# easy spiders



## susan from creepy hollow (Aug 15, 2008)

then put a dab of hot glue onto the other end of the toothpick








and attach the large styrofoam ball








press them firmly together until you feel the glue take hold








using the scissors, cut the pipecleaners in two (i don't have a pic of this step)
and then use the pointed end of the chopstick to poke 4 holes on one side of the spiders body, about an inch deep


----------



## susan from creepy hollow (Aug 15, 2008)

fill each of the leg holes with hot glue








and insert one of the halved pipecleaners








when that glue firms, do the other side the same way








a little creative bending, and they are basic spider shapes:


----------



## susan from creepy hollow (Aug 15, 2008)

the spiders have to be able to hang in the haunted trail, so i found some cup hooks i had from another project. they were brass colored, so i dusted them flat black








add a bead of hot glue to the threads on the pinched shut flat black cup hooks








then screw them into the spiders' heinies








i put a bead of hot glue around the hooks to hold it firmer.

this is a continuing project, so look for an update when i get them finished.


----------



## Terra (Sep 23, 2007)

Those are so cool and thanks for putting the tutorial together. But, there would be NO WAY I'd ever walk through your spider area. Eeek!


----------



## Guest (Jul 23, 2009)

love that, susan!! lokks great!!


----------



## The Pod (May 19, 2008)

Spiders, spiders everywhere........ I feel at home.


----------



## alucard (Dec 1, 2008)

Cool spiders, but I just have to ask if the spray paint ate into the foam balls?


----------



## kprimm (Apr 3, 2009)

Great job on the spiders and the how-to. Thats the way to do it...when you dont have, just go build it.


----------



## susan from creepy hollow (Aug 15, 2008)

alucard said:


> Cool spiders, but I just have to ask if the spray paint ate into the foam balls?


no, the spray paint was for the cup hooks that they hang by.


----------



## susan from creepy hollow (Aug 15, 2008)

*time to make them look fuzzy!*

i don't know about y'all, but fuzzy spiders are the scariest to me, so mine are gonna be fuzzy!

i used the How To Haunt Your House moss method, dryer lint, acrylic craft paint and white glue to create their fuzz.

my popcorn bowl will never be the same! 

put a good-sized puff of dryer lint into the bowl, add acrylic craft paint and a dollop of white glue. 










mix it up well










and apply to the spider, pressing it down firmly.
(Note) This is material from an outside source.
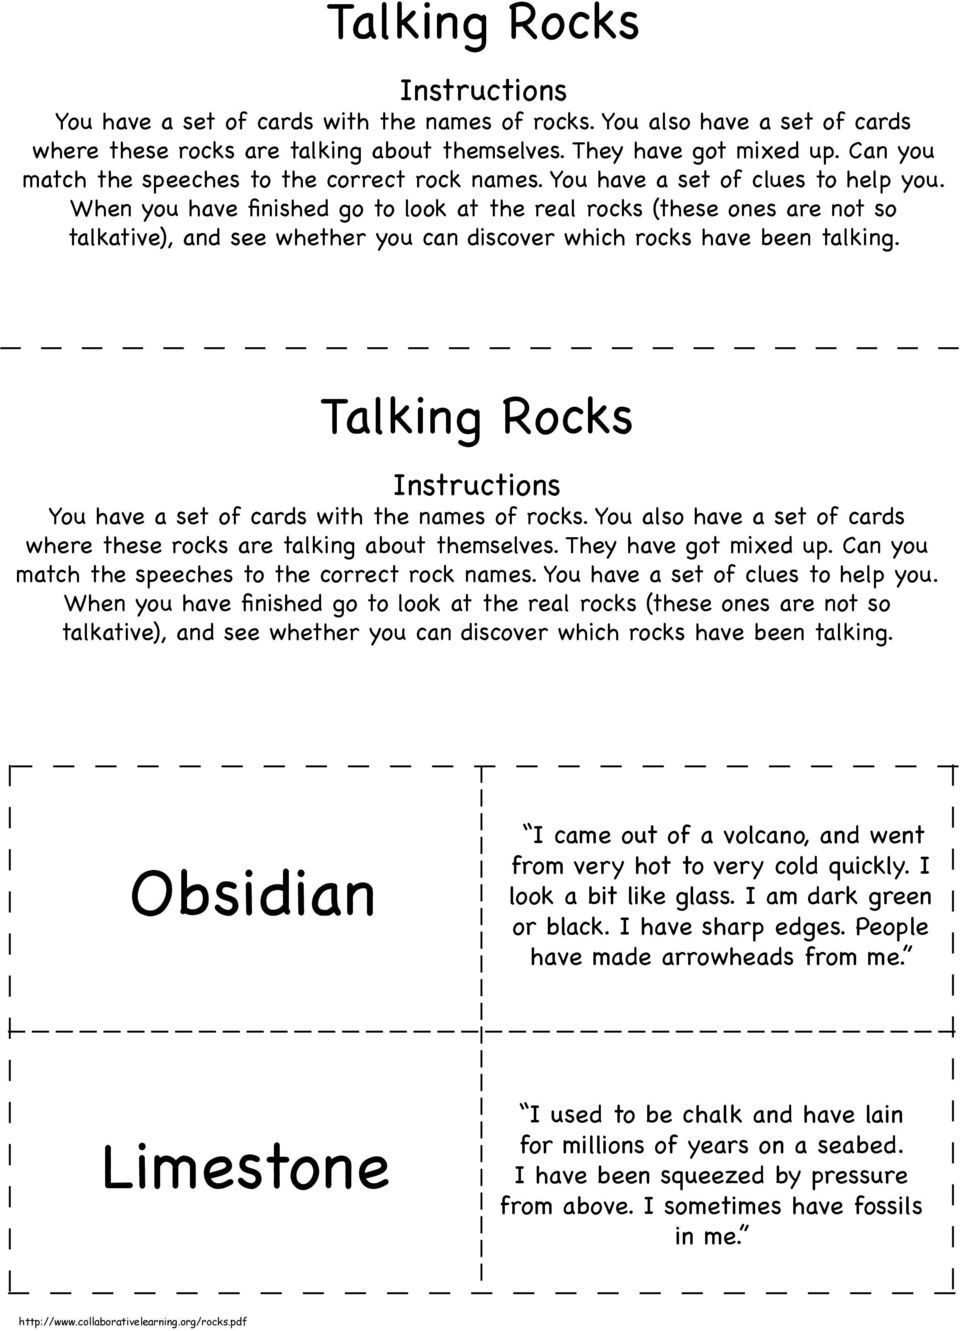 When you have finished go to look at the real rocks (these ones are not so talkative), and see whether you can discover which rocks have been talking.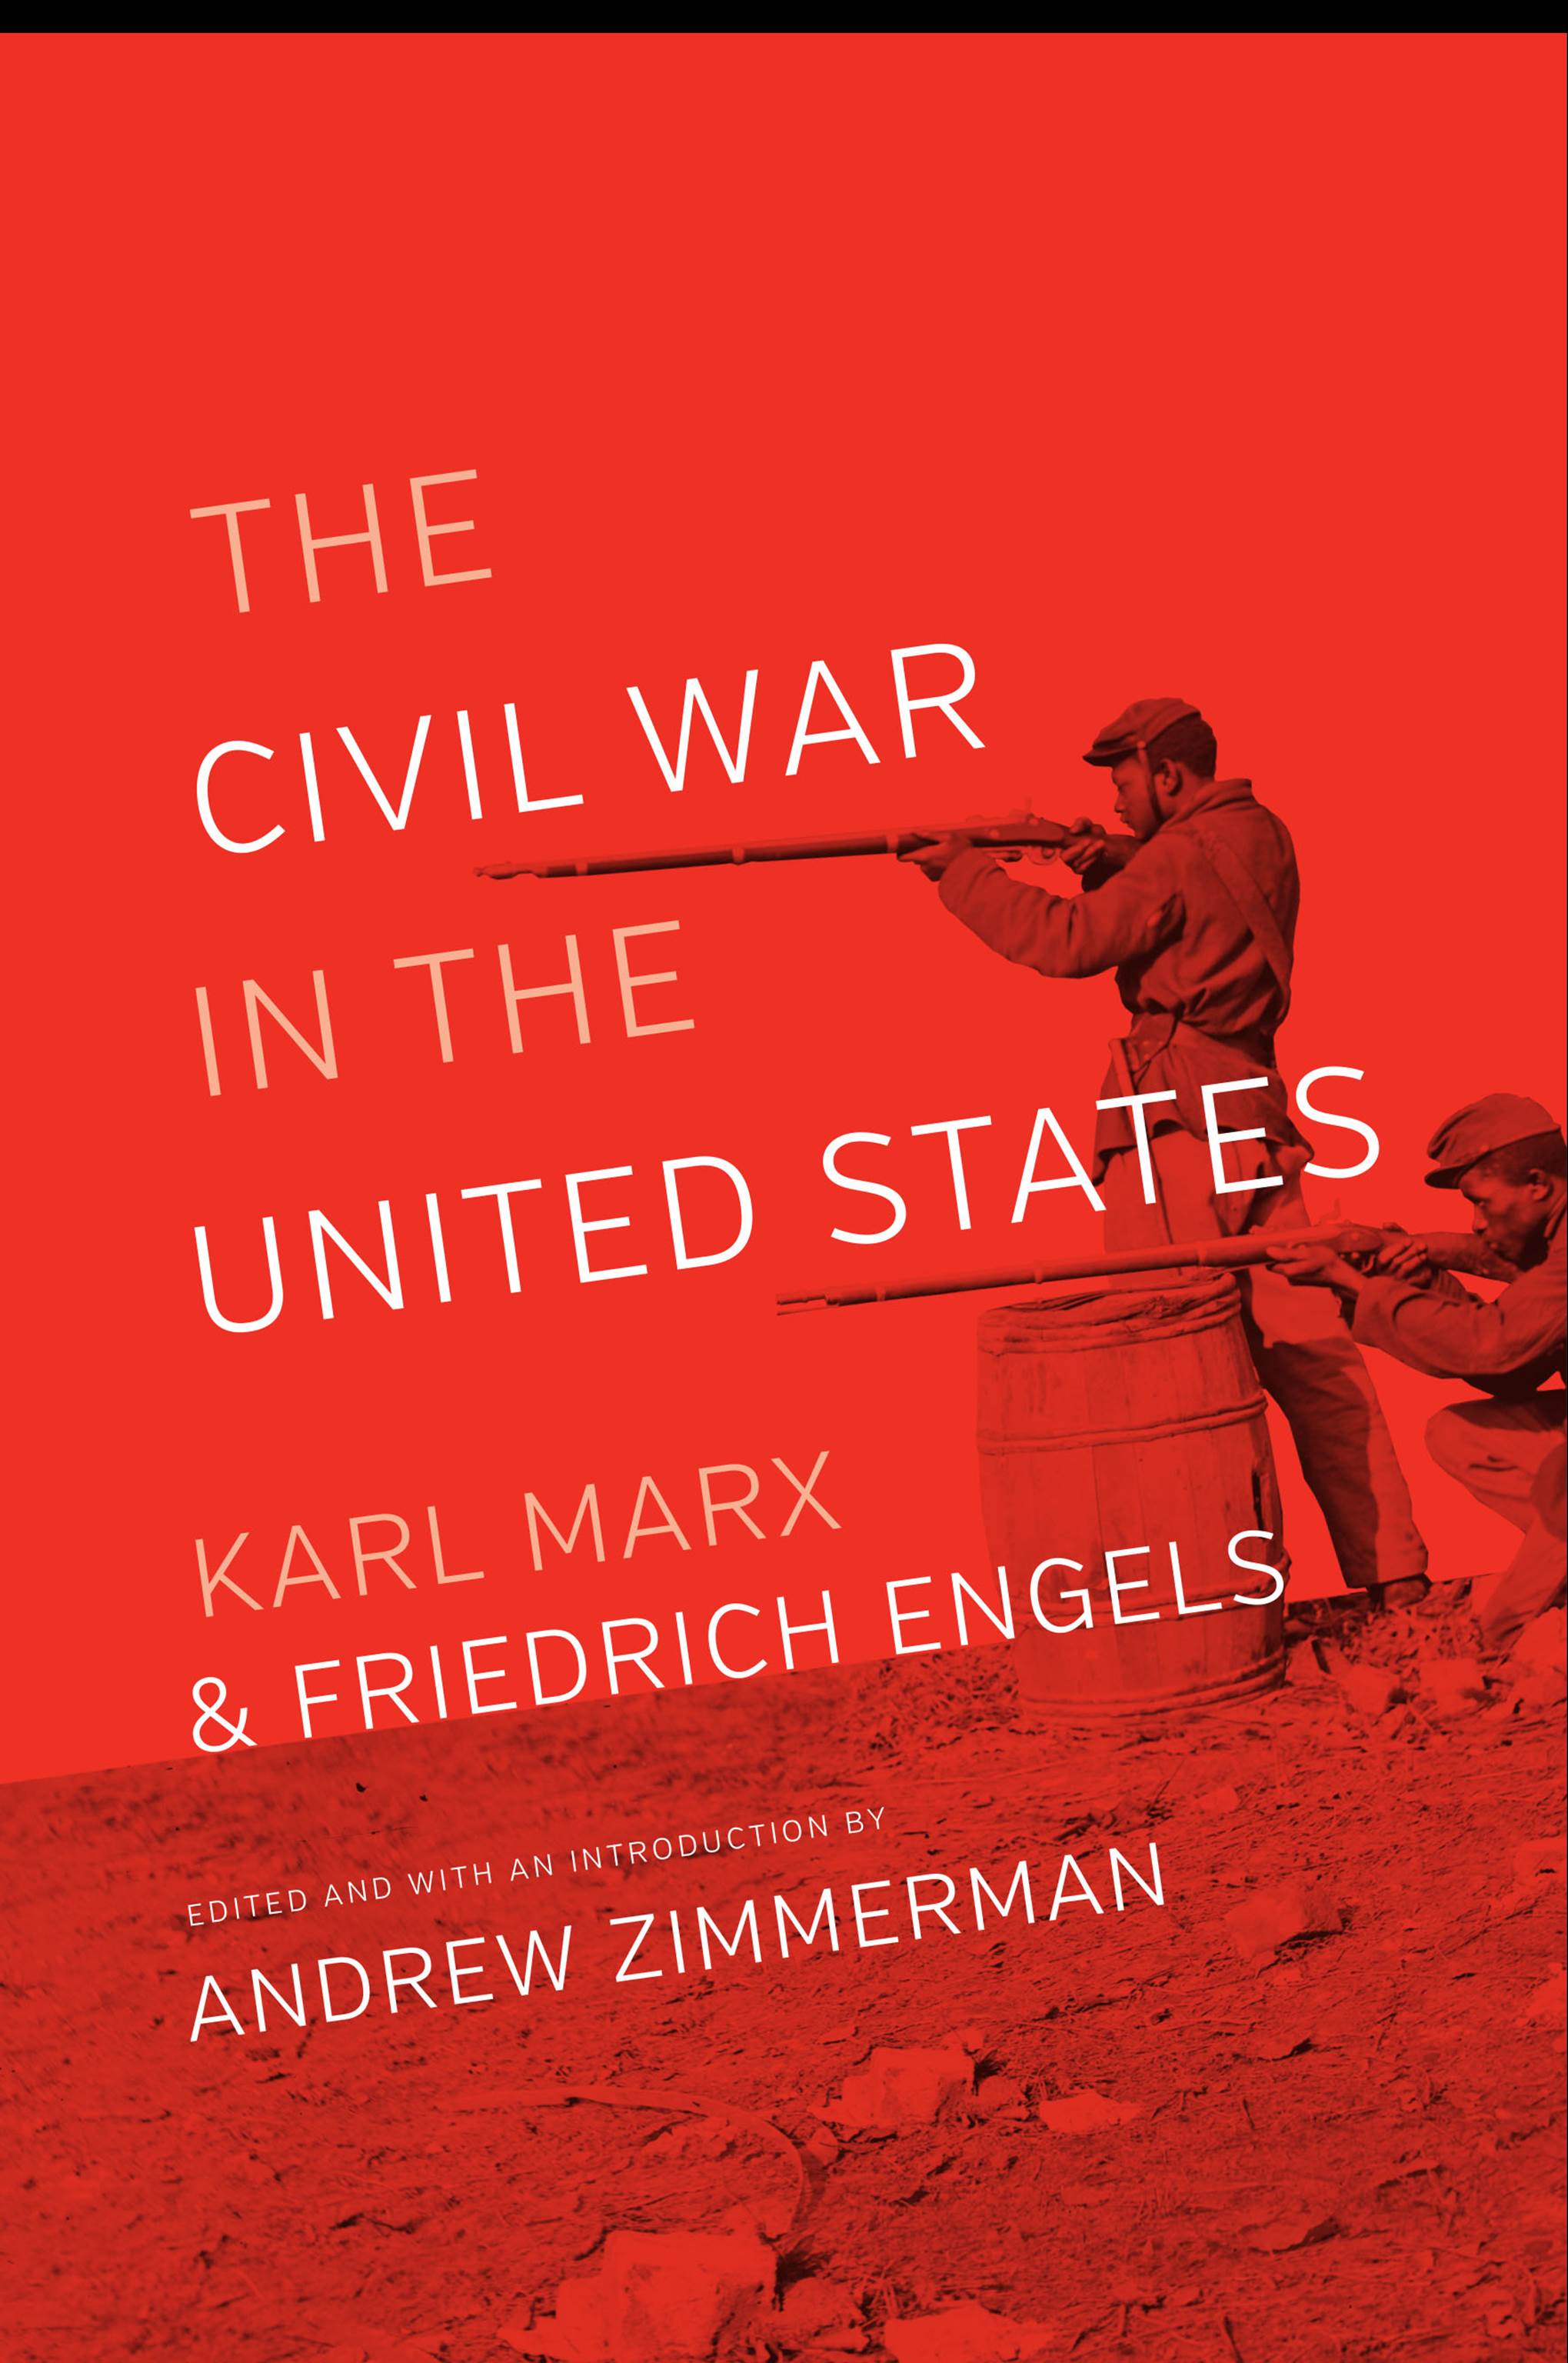 Book Event: The Civil war in the United States; Karl Marx and Friedrich Engels

i find it's best to do half of each spider one day, and the other half the next-it's less messy that way. use some string to hang them by their cup hooks to dry overnight.

more to come!


----------



## The Pod (May 19, 2008)

A nice use for dryer lint! And to think I've been throwing this stuff out all these years! I could of have built Spiega by now!


----------



## AmFatallyYours (Apr 8, 2009)

That is a really good idea! I'm having a spider lair and this would be a good way to fill it up.


----------



## GhostMagnet (Jul 14, 2009)

I love the spiders! And the dryer lint idea is awesome, never would have thought of that.


----------



## ScardyCat (Sep 22, 2008)

I am trying these. I am going to us e some black and white "eyelash" yarn instead of the dryer lint, just because I want them a little more furry. Great easy prop for us beginners!


----------



## Eyegore (Aug 23, 2008)

what is eyelash yarn? it sounds gross! I need to buy some.


----------



## ScardyCat (Sep 22, 2008)

It's yarn the has a fringe on it kind of like eyelashes. It is actually really called eyelash yarn.


----------



## susan from creepy hollow (Aug 15, 2008)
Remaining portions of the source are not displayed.